Geräucherte Eiche macht neugierig: ein tiefes, fast graues Braun, ganz anders als eine gebeizte Eiche. Der Unterschied ist nicht kosmetisch — er liegt im Verfahren und hat sehr konkrete Folgen für das Leben des Parketts.
Es ist kein Rauch
Trotz des Namens war geräucherte Eiche nie in einer Räucherkammer. Beim traditionellen Verfahren wird das Holz in einer dichten Kammer Ammoniakdämpfen ausgesetzt. Diese Dämpfe reagieren mit den in der Eiche natürlich vorhandenen Gerbstoffen, und diese chemische Reaktion dunkelt das Holz.
Ein altes Verfahren, das in englischen Ställen zufällig entdeckt wurde: Man bemerkte, dass die Eichenbalken über den Pferden mit der Zeit nachdunkelten. Der Ammoniak des Urins war die Ursache.
Der wesentliche Unterschied: die Farbe sitzt in der Masse
Das ist der ganze Reiz des Verfahrens und unterscheidet es von einer nur oberflächlich gebeizten Eiche.
- Eine gebeizte Eiche erhält ein auf das Holz aufgetragenes Pigment. Ein tiefer Kratzer durchdringt die Beize und legt darunter helles Holz frei: Die Marke ist sofort sichtbar.
- Eine geräucherte Eiche hat über mehrere Millimeter Tiefe reagiert. Ein Kratzer bleibt im gefärbten Material und fällt weit weniger auf.
Im Alltag ist das ein echter Vorteil, besonders mit Kindern oder Tieren.
Warum die Dielen nie gleich sind
Die Reaktion hängt vom Gerbstoffgehalt ab, und der schwankt natürlicherweise von Baum zu Baum und selbst innerhalb eines Stamms. Ergebnis: Geräucherte Eiche zeigt immer Farbunterschiede von Diele zu Diele, manchmal deutliche.
Das ist kein Fertigungsfehler, sondern die Signatur des Verfahrens. Man muss es aber akzeptieren: Wer einen perfekt gleichmäßigen Boden sucht, liegt beim Räuchern falsch. Die Mischung erfolgt bei der Verlegung, indem man aus mehreren Paketen gleichzeitig greift, statt sie eins nach dem anderen zu leeren.
Intensität: von hell bis sehr dunkel
Die Expositionsdauer bestimmt die Tiefe des Tons. Die Bandbreite reicht von einem warmen, leicht gräulichen Braun, das die Eichenzeichnung gut lesbar lässt, bis zu einem sehr dunklen, fast schwarzen Braun, in dem die Maserung kaum noch zu erahnen ist.
Zwei nützliche Hinweise:
- Auf sehr dunklen Tönen sieht man Staub. Deutlich stärker als auf naturbelassener Eiche.
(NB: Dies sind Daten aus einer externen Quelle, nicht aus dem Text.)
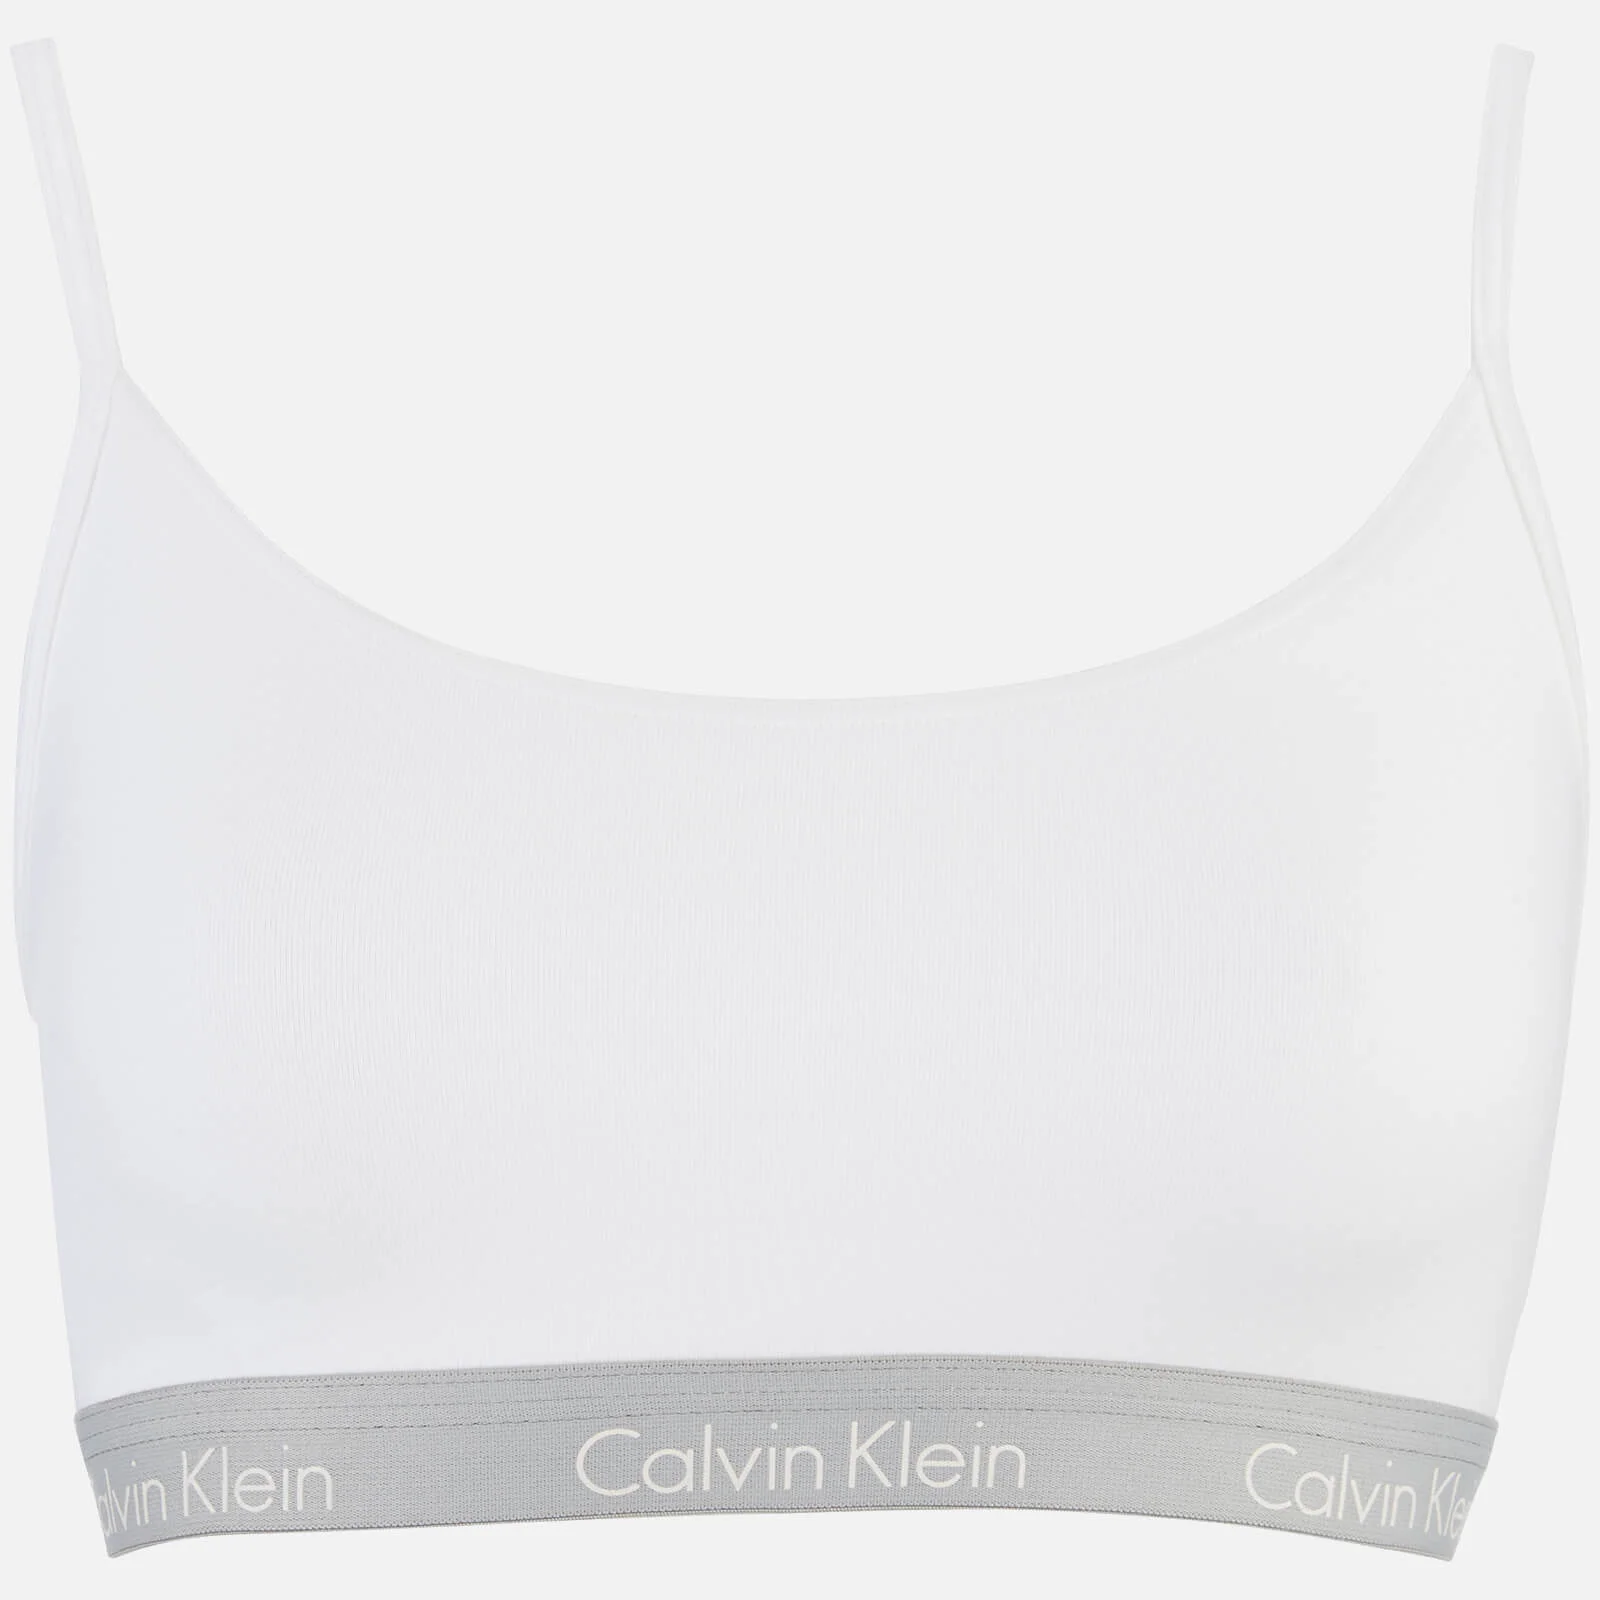 Calvin Klein Women's CK One Bralette - White Image 1

- Geräuchertes Holz schluckt Licht, wie alle dunklen Hölzer. In einem dunklen Raum verengt es das Volumen zusätzlich. Am besten kommt es in einem hellen Raum zur Geltung, im Kontrast zu hellen Wänden.
Geräuchert, thermobehandelt, dunkel geölt: nicht verwechseln
| Verfahren | Prinzip | Wirkung |
|---|---|---|
| Geräuchert | Reaktion Ammoniak / Gerbstoffe | Farbe in der Masse, natürliche Schwankungen |
| Thermobehandelt | Erhitzung bei hoher Temperatur ohne Sauerstoff | Farbe in der Masse, stabiler aber spröder |
| Gebeizt / farbig geölt | Oberflächlich aufgetragenes Pigment | Gleichmäßiger Ton, Kratzer aber sichtbar |
Renovierung: der Punkt, den man kennen muss
Das ist die wirkliche Grenze des Räucherns. Die Reaktion hat das Holz nur wenige Millimeter tief gefärbt. Ein tiefer Schliff kann das helle Holz erreichen und blassere Zonen wieder hervorbringen.
Konkret: Ein leichter Auffrischungsschliff geht problemlos, ein vollständiger Schliff gehört in die Hand eines Fachbetriebs, der das Produkt kennt. Prüfen Sie die Dicke der Nutzschicht und behalten Sie diese Einschränkung im Kopf.
Mit welcher Oberfläche
Öl wird einer geräucherten Eiche am besten gerecht: Es vertieft das Braun, ohne es einzufrieren. Ein matter Lack passt ebenfalls. Glanz ist zu vermeiden — er wirkt wie Nagellack und bricht den natürlichen Charakter des Verfahrens.
Unbedingt in echt ansehen
Geräucherte Eiche ist neben Nussbaum das Holz, das Bildschirme am schlechtesten wiedergeben: Es erscheint systematisch grauer oder röter, als es ist. Fordern Sie ein Muster an und betrachten Sie es zu Hause, morgens und abends.